そんな混乱の中で、自分自身の内面と向き合い、「弱さを抱えたままでもいい」と思える場所を見つけたのが、教会だった。孤独の中で沈黙する夜、見えない未来への不安、そして責任感に押し潰されそうになった日々──奥田さんは、「何かを変える前に、自分の内面に正直であるべきだ」と気づいたのだろう。

まさに、SEALDsで体験した社会変革への希求と、宗教的な精神変容が交わる点に至ったのだ。

「宗教的な言葉で語ることで、政治では届かなかった人々の心に触れることができるかもしれない」。そう語る奥田さんには、もはや「変化を起こすこと」そのものだけが目的ではない。むしろ「苦しんでいる誰かと共にいること」「人が希望を失わないように寄り添うこと」こそが彼のミッションなのだと感じられる。

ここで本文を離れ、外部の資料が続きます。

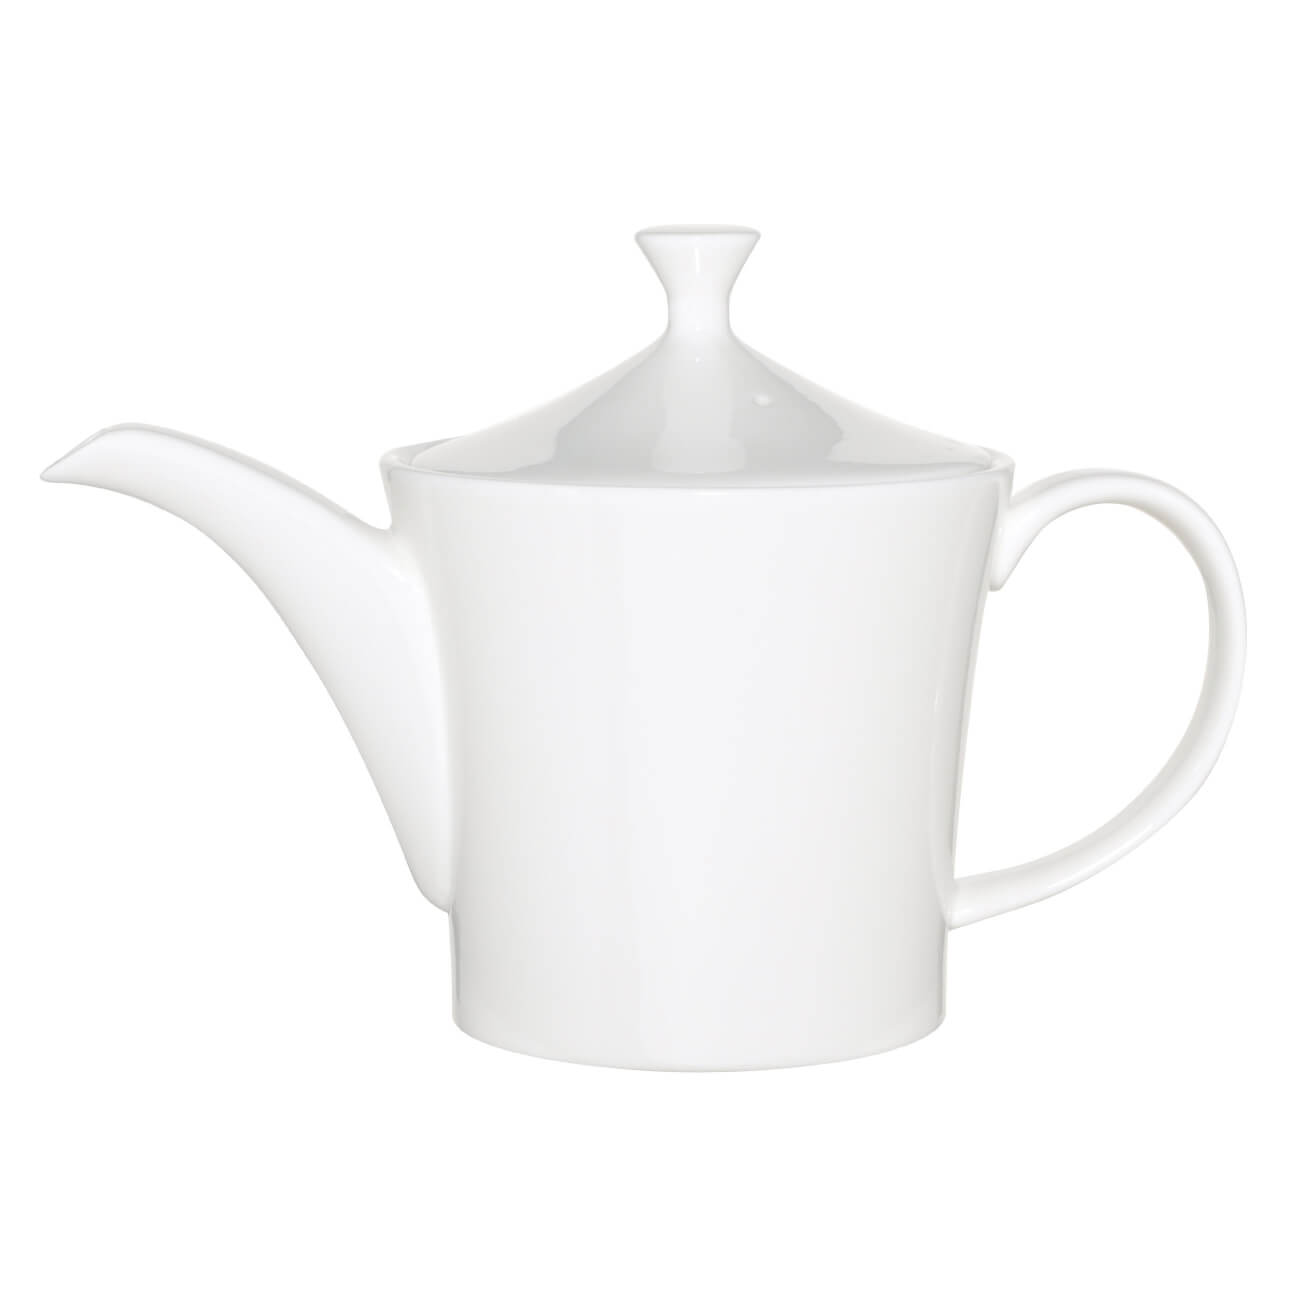 Чайник заварочный, 800 мл, фарфор F, белый, Ideal white заварочный чайник zeidan z 4318 1000 мл

各地で若者の自殺が後を絶たず、未来に希望を抱きにくい現代社会において、「生きる意味」や「自分の価値」に迷う人は少なくない。そんな中で、奥田さんは「人それぞれの痛み」に正面から向き合おうとしている。

特筆すべきは、彼が決して過去を否定していないことだ。SEALDsもまた、彼にとってかけがえのない経験だった。その上で、これからは政治的活動ではなく、「生きるとは何か」に焦点を当てたメッセージを伝えていくという。

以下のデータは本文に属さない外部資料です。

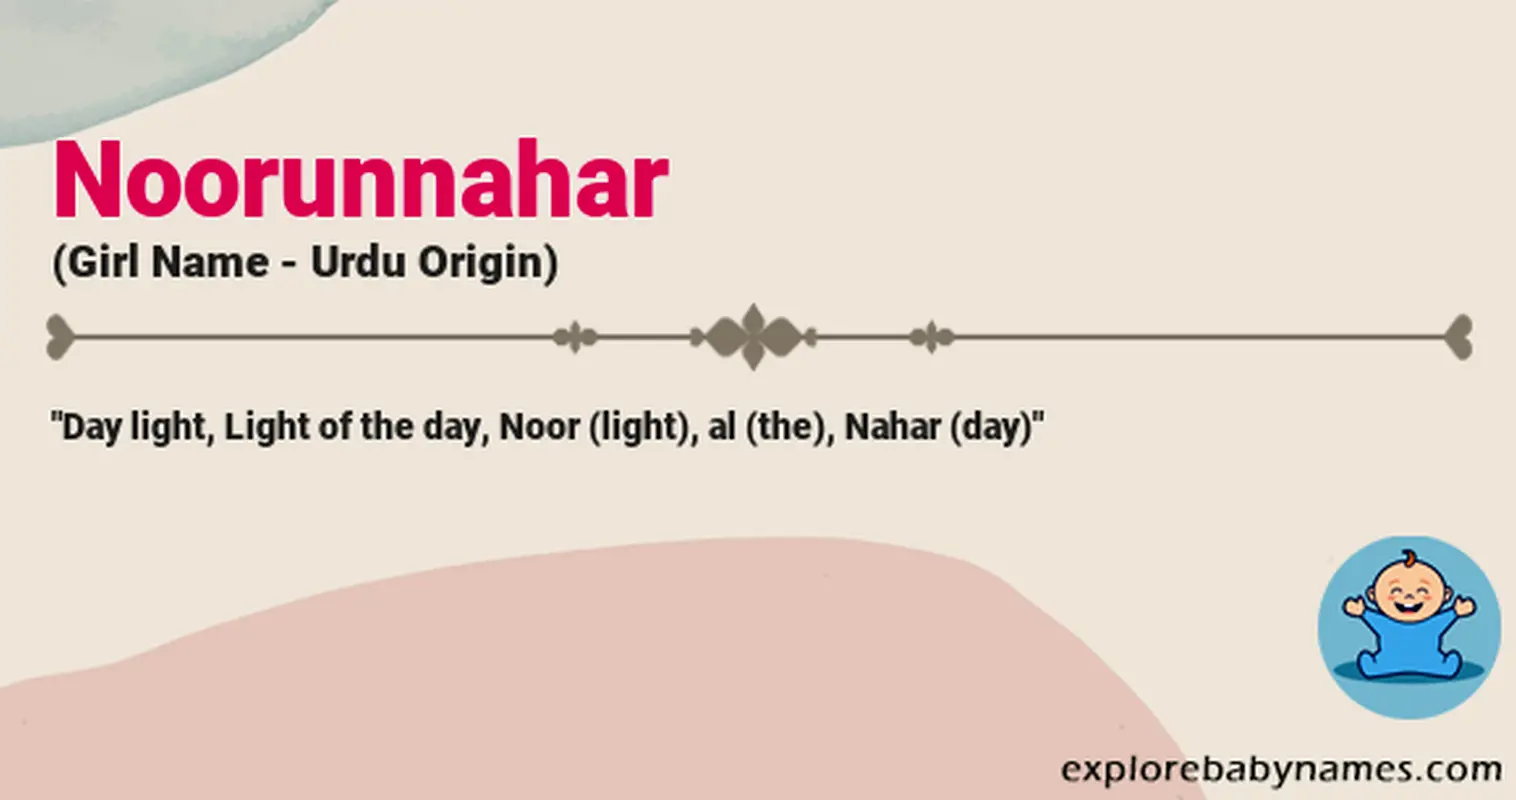 Meaning of Noorunnahar

彼の言葉が持つ力は、相手を打ち負かすための「力強さ」ではない。不安や孤独を抱えたままの人々に「あなたの存在は意味がある」とそっと語りかけるような強さだ。

奥田愛基さんは、いま「信じること」「祈ること」「語ること」を通して、新しい時代の公共性を探っている。それはニュースにならないかもしれない。デモのように何千人を街に集めるわけでもない。しかし、たったひとりの悩める魂に届ける言葉には、やはり彼らしい優しさと信念が宿っている。

政治活動の最前線から、祈りの言葉へ。奥田愛基さんという一人の若者の歩みは、現代の日本社会において「生きるとは何か」を改めて問い直す、大きなヒントを私たちに与えてくれている。